- EXERCISE -
Please return the whole listing exactly.

- AVAILABLE DATA -
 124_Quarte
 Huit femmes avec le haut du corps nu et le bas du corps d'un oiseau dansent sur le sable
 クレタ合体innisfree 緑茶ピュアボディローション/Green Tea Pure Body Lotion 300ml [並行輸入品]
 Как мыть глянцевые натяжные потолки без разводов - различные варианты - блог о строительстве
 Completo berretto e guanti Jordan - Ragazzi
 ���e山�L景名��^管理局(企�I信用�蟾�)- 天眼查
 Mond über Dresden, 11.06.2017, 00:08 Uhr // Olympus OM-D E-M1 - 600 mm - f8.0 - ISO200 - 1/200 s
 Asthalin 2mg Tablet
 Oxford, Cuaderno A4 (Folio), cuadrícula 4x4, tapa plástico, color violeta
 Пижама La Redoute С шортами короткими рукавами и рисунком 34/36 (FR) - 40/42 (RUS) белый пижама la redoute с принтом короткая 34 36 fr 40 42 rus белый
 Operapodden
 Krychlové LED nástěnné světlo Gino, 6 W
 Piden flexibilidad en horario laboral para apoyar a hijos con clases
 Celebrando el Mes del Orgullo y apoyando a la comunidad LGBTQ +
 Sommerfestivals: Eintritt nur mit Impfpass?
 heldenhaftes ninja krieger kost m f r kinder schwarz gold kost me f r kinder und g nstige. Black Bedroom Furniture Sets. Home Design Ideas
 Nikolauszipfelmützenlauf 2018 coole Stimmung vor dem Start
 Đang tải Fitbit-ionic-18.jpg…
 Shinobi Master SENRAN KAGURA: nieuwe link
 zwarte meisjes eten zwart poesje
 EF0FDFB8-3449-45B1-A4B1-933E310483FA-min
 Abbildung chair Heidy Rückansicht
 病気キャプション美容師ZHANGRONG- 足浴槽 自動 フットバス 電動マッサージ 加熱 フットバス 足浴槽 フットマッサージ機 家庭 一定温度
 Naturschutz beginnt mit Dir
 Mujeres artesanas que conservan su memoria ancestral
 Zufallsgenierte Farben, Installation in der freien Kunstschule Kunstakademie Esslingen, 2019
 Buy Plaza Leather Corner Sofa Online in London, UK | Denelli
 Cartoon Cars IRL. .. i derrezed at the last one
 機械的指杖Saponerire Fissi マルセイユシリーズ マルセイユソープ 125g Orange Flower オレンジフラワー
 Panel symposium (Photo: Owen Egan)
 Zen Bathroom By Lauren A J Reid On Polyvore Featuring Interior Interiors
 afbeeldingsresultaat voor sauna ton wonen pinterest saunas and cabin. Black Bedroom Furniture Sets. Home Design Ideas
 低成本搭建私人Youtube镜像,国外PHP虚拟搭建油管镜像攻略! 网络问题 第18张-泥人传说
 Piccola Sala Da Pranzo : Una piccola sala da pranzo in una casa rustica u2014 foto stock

- RESPONSE TO THIS EXERCISE -
 124_Quarte
 Huit femmes avec le haut du corps nu et le bas du corps d'un oiseau dansent sur le sable
 クレタ合体innisfree 緑茶ピュアボディローション/Green Tea Pure Body Lotion 300ml [並行輸入品]
 Как мыть глянцевые натяжные потолки без разводов - различные варианты - блог о строительстве
 Completo berretto e guanti Jordan - Ragazzi
 ���e山�L景名��^管理局(企�I信用�蟾�)- 天眼查
 Mond über Dresden, 11.06.2017, 00:08 Uhr // Olympus OM-D E-M1 - 600 mm - f8.0 - ISO200 - 1/200 s
 Asthalin 2mg Tablet
 Oxford, Cuaderno A4 (Folio), cuadrícula 4x4, tapa plástico, color violeta
 Пижама La Redoute С шортами короткими рукавами и рисунком 34/36 (FR) - 40/42 (RUS) белый пижама la redoute с принтом короткая 34 36 fr 40 42 rus белый
 Operapodden
 Krychlové LED nástěnné světlo Gino, 6 W
 Piden flexibilidad en horario laboral para apoyar a hijos con clases
 Celebrando el Mes del Orgullo y apoyando a la comunidad LGBTQ +
 Sommerfestivals: Eintritt nur mit Impfpass?
 heldenhaftes ninja krieger kost m f r kinder schwarz gold kost me f r kinder und g nstige. Black Bedroom Furniture Sets. Home Design Ideas
 Nikolauszipfelmützenlauf 2018 coole Stimmung vor dem Start
 Đang tải Fitbit-ionic-18.jpg…
 Shinobi Master SENRAN KAGURA: nieuwe link
 zwarte meisjes eten zwart poesje
 EF0FDFB8-3449-45B1-A4B1-933E310483FA-min
 Abbildung chair Heidy Rückansicht
 病気キャプション美容師ZHANGRONG- 足浴槽 自動 フットバス 電動マッサージ 加熱 フットバス 足浴槽 フットマッサージ機 家庭 一定温度
 Naturschutz beginnt mit Dir
 Mujeres artesanas que conservan su memoria ancestral
 Zufallsgenierte Farben, Installation in der freien Kunstschule Kunstakademie Esslingen, 2019
 Buy Plaza Leather Corner Sofa Online in London, UK | Denelli
 Cartoon Cars IRL. .. i derrezed at the last one
 機械的指杖Saponerire Fissi マルセイユシリーズ マルセイユソープ 125g Orange Flower オレンジフラワー
 Panel symposium (Photo: Owen Egan)
 Zen Bathroom By Lauren A J Reid On Polyvore Featuring Interior Interiors
 afbeeldingsresultaat voor sauna ton wonen pinterest saunas and cabin. Black Bedroom Furniture Sets. Home Design Ideas
 低成本搭建私人Youtube镜像,国外PHP虚拟搭建油管镜像攻略! 网络问题 第18张-泥人传说
 Piccola Sala Da Pranzo : Una piccola sala da pranzo in una casa rustica u2014 foto stock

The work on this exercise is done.